The Browns next played the Buffalo Bisons in Buffalo, New York. Just over 30,000 people watched the game; while this was a lower total than the Browns' previous two games, it set a professional football attendance record in Buffalo. Playing in 80-degree heat, Browns quarterback Otto Graham threw two touchdowns in the first quarter to John Yonakor and Marion Motley. Cleveland scored for a third time in the first quarter when Cliff Lewis, substituting for Graham, pitched a lateral to Gaylon Smith, who ran it in for a touchdown. After neither team scored in the second and third quarters, the Browns added a fourth touchdown on Chet Adams' fumble return.Al Dekdebrun, Buffalo's second-string quarterback, fumbled at the Bisons' 34-yard line and Adams picked it up and ran for a touchdown. The Bisons were held scoreless despite having more first downs than the Browns. The team played without its primary rushing threat, Steve Juzwik, who was sidelined with a pulled leg muscle.

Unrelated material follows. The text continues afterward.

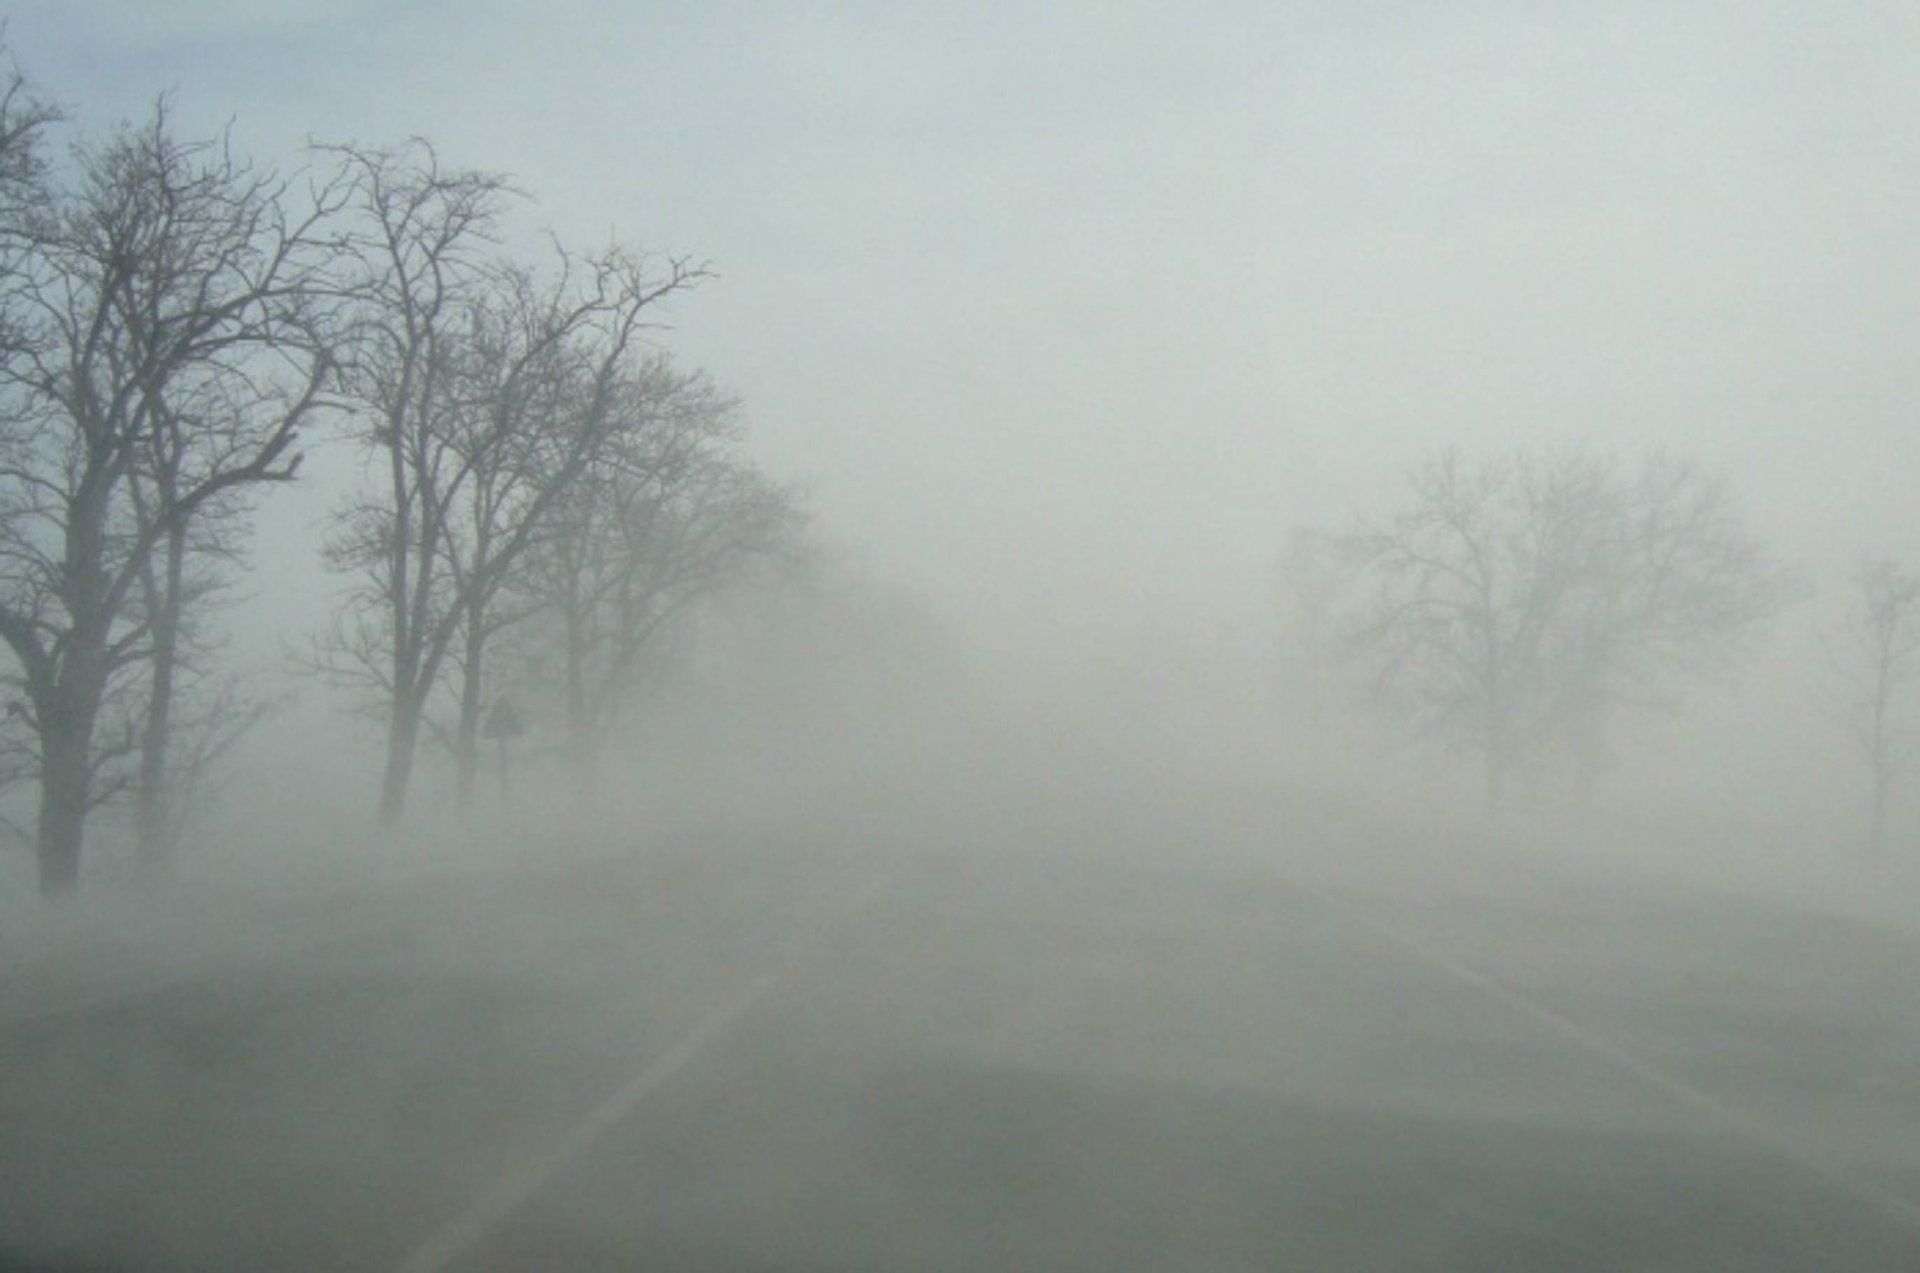 Условиях сильного тумана

Cleveland got off to a strong start against the New York Yankees, scoring two touchdowns in the first nine minutes. Interceptions by Don Greenwood and centerMike Scarry set up the scores. The Yankees came back with a touchdown of their own later in the first quarter after recovering a Graham fumble at Cleveland's 14-yard line. Neither team scored in the second and third quarters, but the Browns added to their lead in the fourth. Lou Groza kicked a field goal and Edgar "Special Delivery" Jones ran up the middle for a 43-yard touchdown with less than three minutes left in the game. The final score was 24–7; it was the Yankees' first loss of the season and left the Browns as the only unbeaten and untied team in the AAFC. After the game, Yankees coach Ray Flaherty criticized his team for losing to a "Podunk team with a high school coach". The threat of bad weather kept attendance down, but the gross ticket receipts of $138,673 still marked the third-best take for a professional football game in history.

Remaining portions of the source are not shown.